I AM A CHILD AND SHOULD BE RESPECTED



In my community one remains a child in the eyes of their parents till death comes knocking. Nobody considers your dreams, your feelings, weaknesses or strengths as factors that could be considered in your upbringing. In short parents think, decide and act for their children. This phenomenon is disturbing because many young people end up frustrated because a wrong decision was made, career chosen or education denied since they were considered non-grata in the decision making process.



Basically, parents are the alpha and omega, reason why they are either blamed or praised for their child’s conduct. What has caught my attention particularly is the domain of sexual and reproductive health rights education. As a young girl I had a crude abortion because I wanted to avoid being disowned or shouted at by my parents. What an irony? Instead of my parents who have failed in their duty of educating me to feel ashamed and apologize to me the situation would be the other way round.



Young people of today are in a worse situation. Their parents are quiet, social media exposes them to a lot of uncensored material or sexually explicit media as well as a high level of peer pressure which no one seems to notice. I find this a gross violation of their SRH rights, a basic human right that either makes or mar their future. Parenting to many means giving a child formal education, food and religious upbringing as a result see no reason for a child to misbehave or complain.



Following my interactions with over 600 young people I realized that many of them are trying to correct these misconceptions. They wish their parents were a little more tolerant as well as understanding towards them for they too are human beings. They say blaming them for everything will never make their parents flawless. Summing their parents’ faults the young people said there is no parent-child interaction which has elements of trust, respect, commitment and timing. As a matter of fact parents talk at them not with them.
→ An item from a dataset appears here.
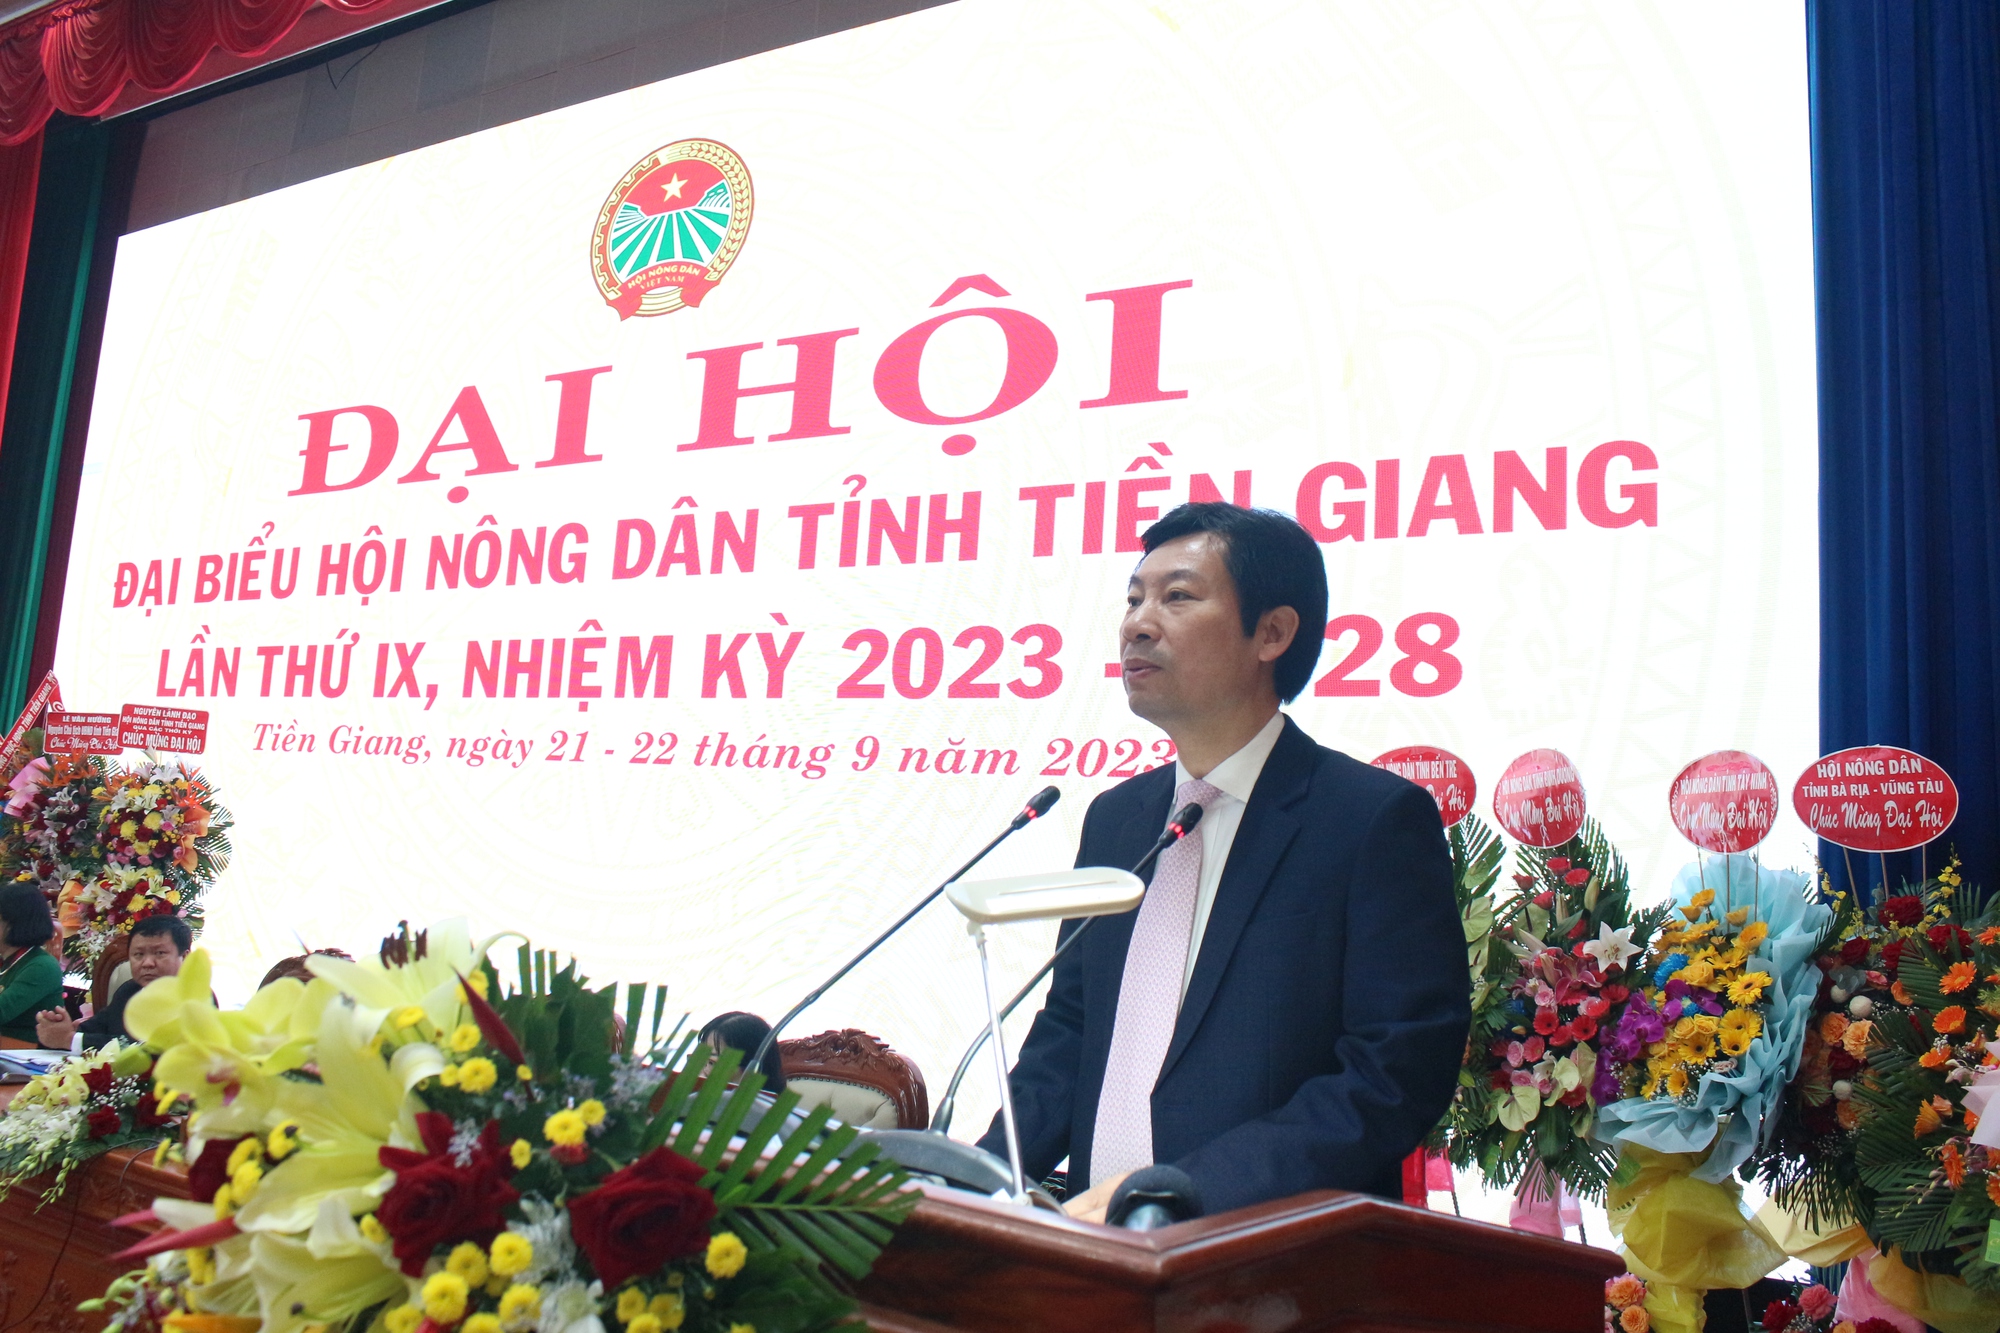 Bà Nguyễn Thị Hồng Phượng tái đắc cử chức Chủ tịch Hội Nông dân tỉnh Tiền Giang, lần thứ IX - Ảnh 1.

In order to make the voices of these young people fighting for their rights heard, our organization organized a parent-child interaction platform where we had frank discussions between parents and their children. Following customs and traditions children don’t have a say or an opinion but they were able to talk. We made them understand their rights and responsibilities as well as the need for partnership between them. Considering the success registered during this forum we plan to hold many of such meetings to break this glass ceiling over the young people.



I dream of a community where we will incubate young people who want their voices heard and groom them into the great voices for change. If young people are future leaders we should break this culture of parents thinking and deciding for them by accelerating the development of their full human potentials through youth led advocacy programs.